3. Eligible Consultants. The Company may engage “advisors” and/or “consultants,” who may participate in this Plan in the future, as long as such “advisors” and/or “consultants” fit the definition of “employee” included the General Instructions to Securities and Exchange Commission (“SEC”) Form S-8, which define the term “employee” to include any employee, director, general partner, officer, consultant or advisor. Such General Instructions impose three essential limitations on “consultants” and “advisors” eligible for participation in a plan covered by SEC Form S-8. Therefore, in order for a “consultant” or “advisor” to the Company to be an “eligible consultant” under this Plan and to be eligible to receive shares of Common Stock under this Plan and pursuant to a Form S-8 filed by the Company with the SEC, such “consultant” and/or “advisor” (i) must be a natural person; (ii) must provide bona fide services to the Company; and (iii) the services rendered by such “consultant” or “advisor” may not be in connection with the offer or sale of securities in a capital-raising transaction and may not directly or indirectly promote or maintain a market for the Company’s securities.
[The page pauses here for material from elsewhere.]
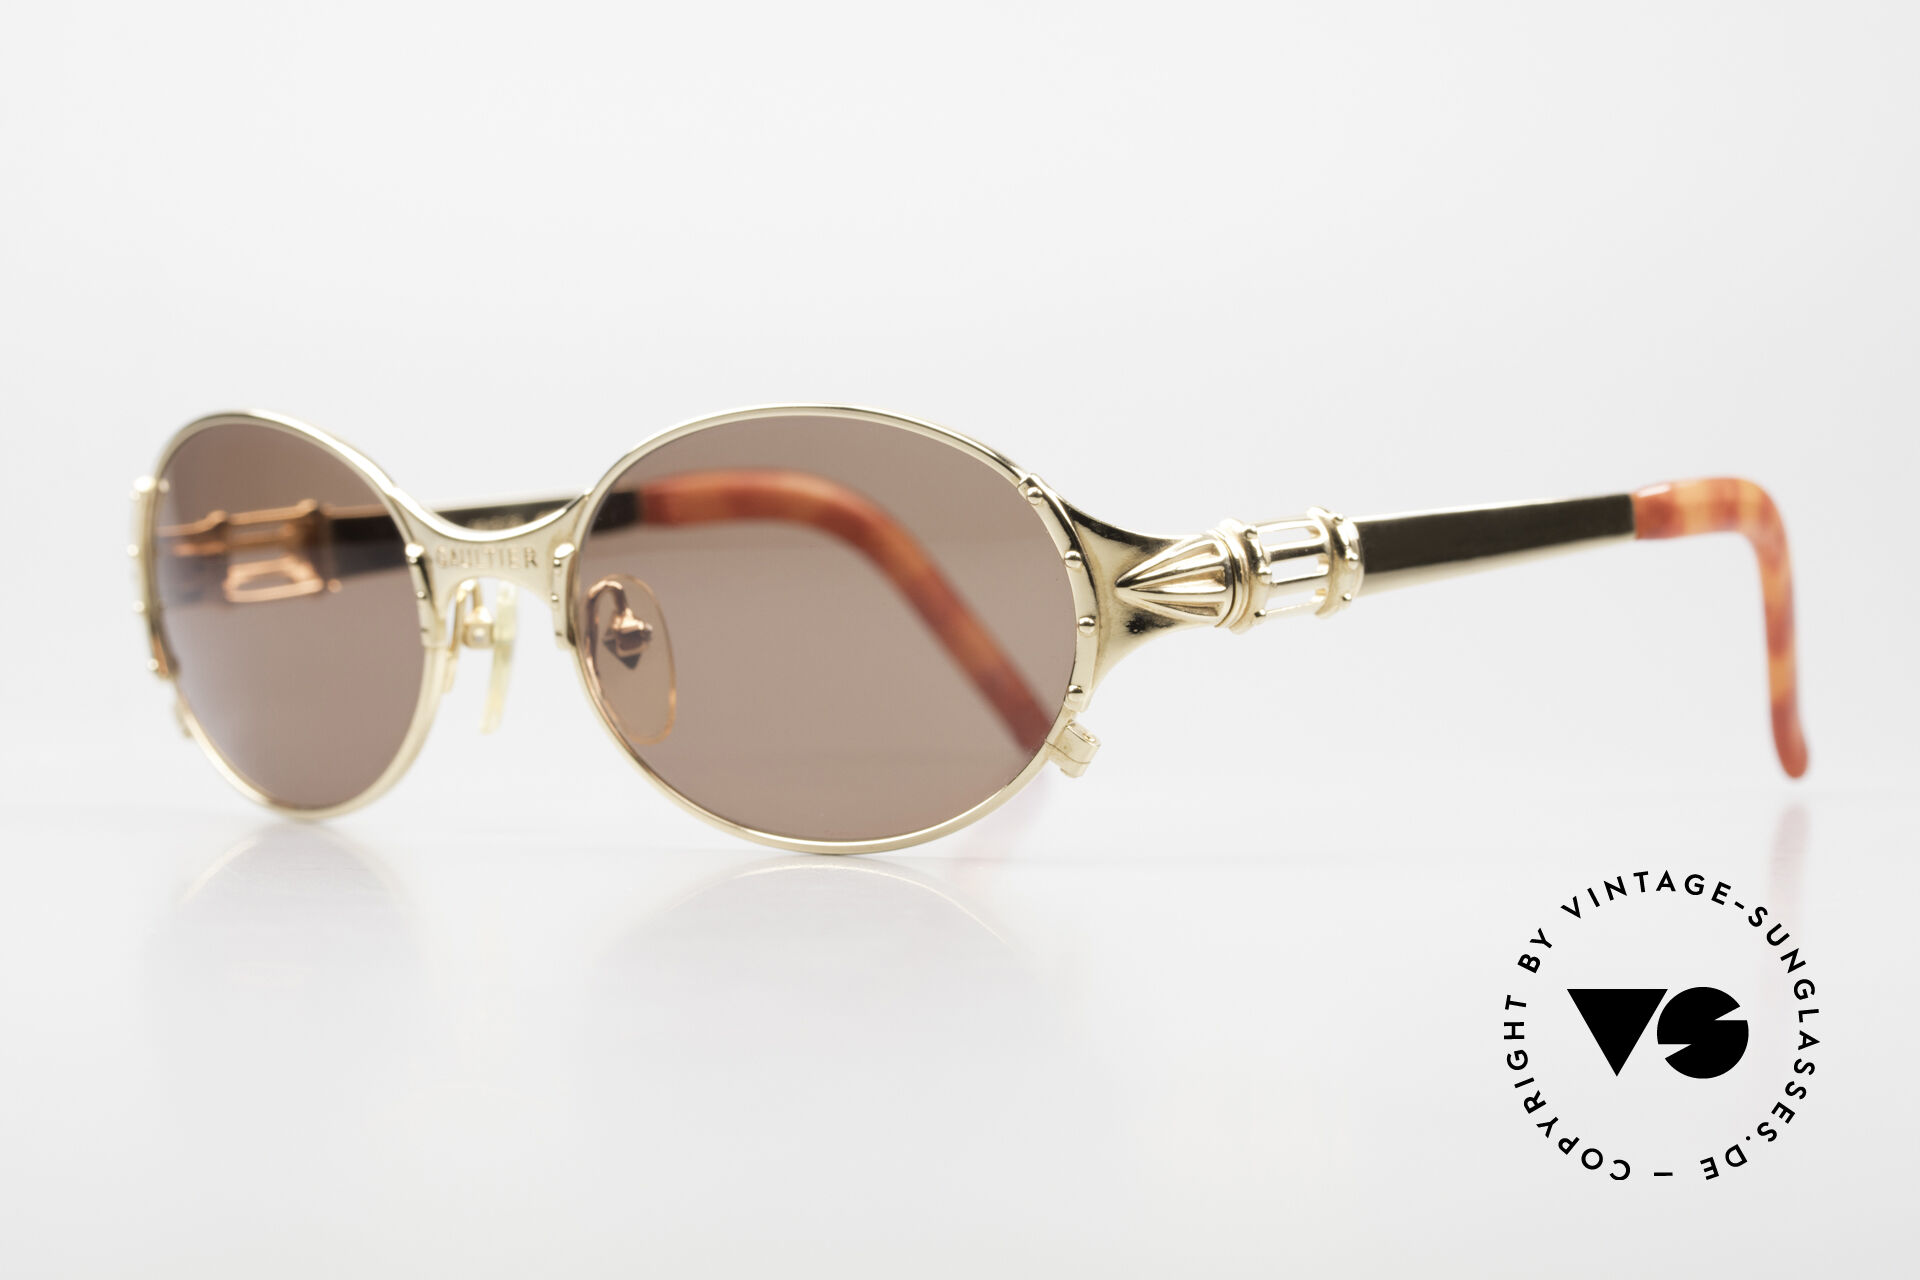 Jean Paul Gaultier 56-5106 90's Sunglasses Gold-Plated

4. Shares Subject to the Plan. The total number of shares of Common Stock subject to this Plan is as follows: 2,000,000 shares of Common Stock, par value $.001, to be awarded to employees and eligible consultants as provided herein and as the Board of Directors may determine.
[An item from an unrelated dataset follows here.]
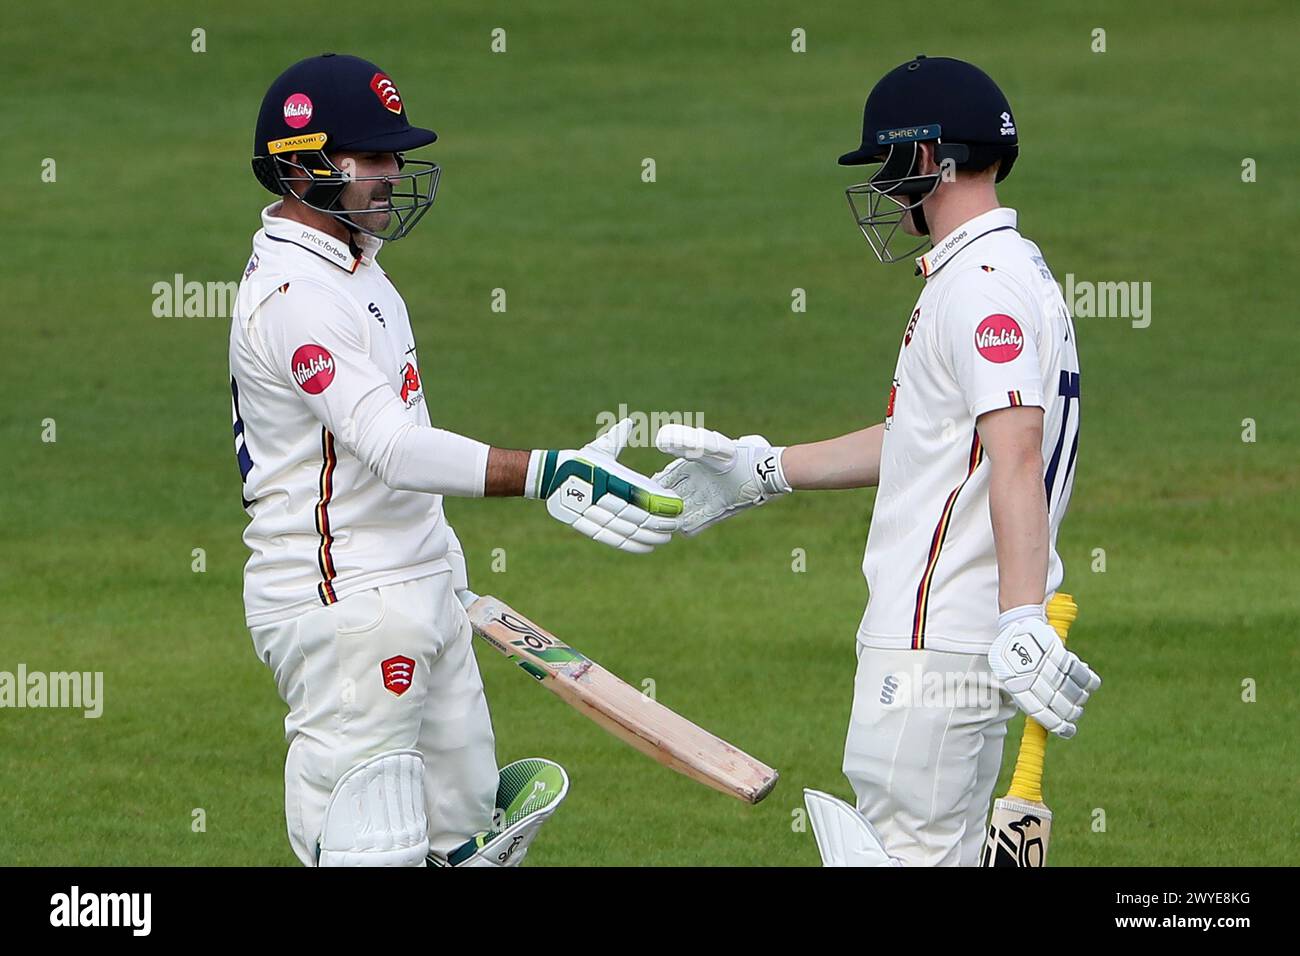 Jordan Cox of Essex congratulates Dean Elgar (L) on reaching his fifty during Nottinghamshire CCC vs Essex CCC, Vitality County Championship Division Stock Photo
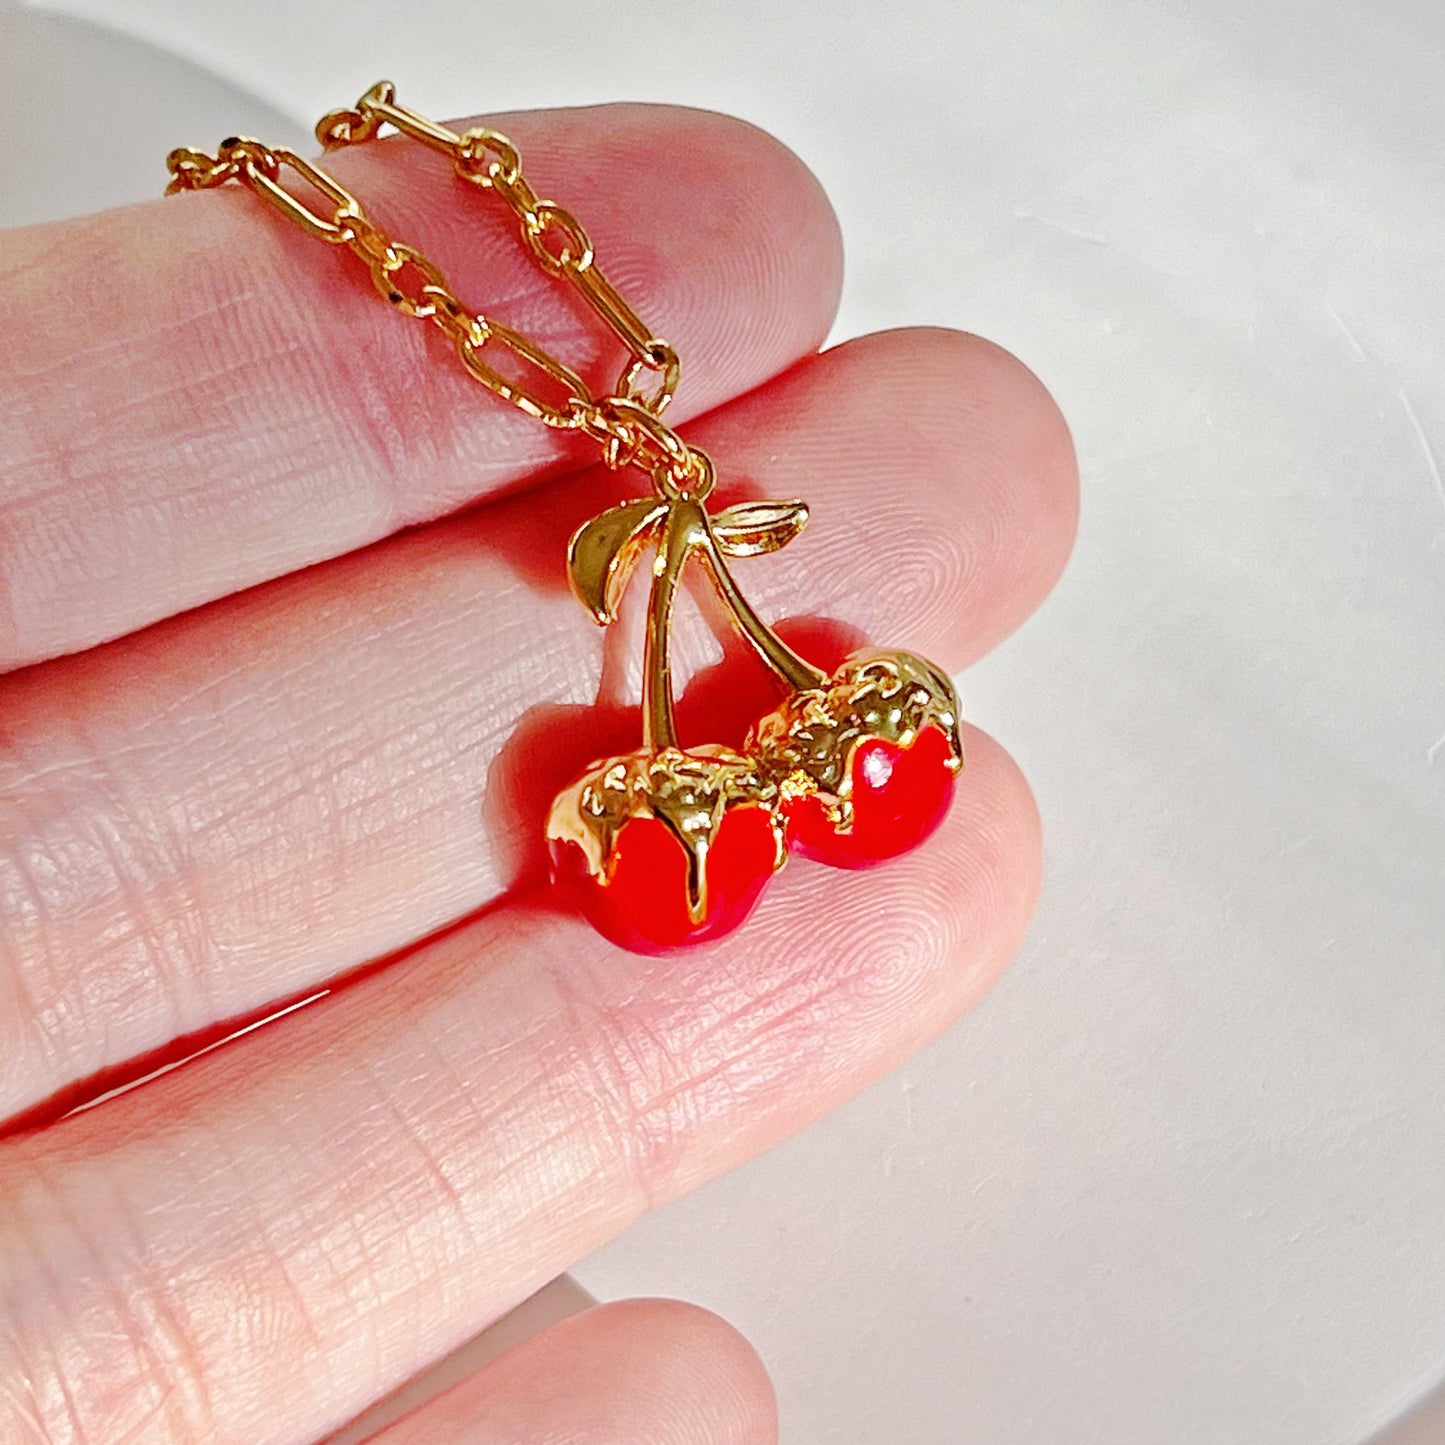 Red Cherry in Gold Chain Necklace-Ninaouity

5. Investment Intent. Unless and until the sale and issuance of Common Stock subject to the Plan are registered under the Securities Act of 1933, as amended (“Securities Act”). or shall be exempt from registration pursuant to the rules promulgated thereunder, each grant of Common Stock under the Plan shall provide that the acquisitions of Common Stock hereunder shall be for investment purposes and not with a view to, or for resale in connection with, any distribution thereof. Further, unless the issuance and sale of the Common Stock has been registered under the Securities Act, each grant of Common Stock shall provide that no shares shall be sold unless and until (i) all then applicable requirements of state and federal laws and regulatory agencies shall have been fully complied with to the satisfaction of the Company and its counsel; and (ii) if requested to do so by the Company, the person who is to receive a grant of Common Stock pursuant to the Plan shall have executed and delivered to the Company a letter of investment intent and/or such other form related to applicable exemptions from registration, all in such form and substance as the Company may require.

6. Stock Splits, Stock Dividends, Combinations or Reclassifications. In the event of any change in the outstanding stock of the Company by reason of a stock split, stock dividend, combination or reclassification of shares, recapitalization, merger or similar event (“Adjusting Event”), the Board of Directors may adjust proportionally (a) the number of shares of Common Stock reserved under the Plan, which have not been granted as of the effective date of such Adjusting Event.

7. Withholding. The Company shall have the right to deduct from any grant of Common Stock an appropriate number of shares for payment of taxes by law or to take such other action as may be necessary in the opinion of the Company to satisfy all obligations for withholding of such taxes. If Common Stock is used to satisfy tax withholding, such stock shall be valued in good faith by the Board of Directors, who may use reported trading data from the principal exchange or trading platform upon which the Company’s stock is traded for such period of time as the Board of Directors may determine in compliance with applicable law.

8. Governing Law. The Plan and all determinations made and action taken pursuant hereto, to the extent not otherwise governed by the securities laws of the United States or State of Delaware, shall be governed by the law of the State of North Carolina and construed accordingly.

9. Termination of the Plan. This Plan shall terminate upon the issuance of all shares available under the Plan or when it is otherwise terminated by the Board of Directors.

10. Effective Date of the Plan. This Plan shall become effective upon its adoption by the Board of Directors.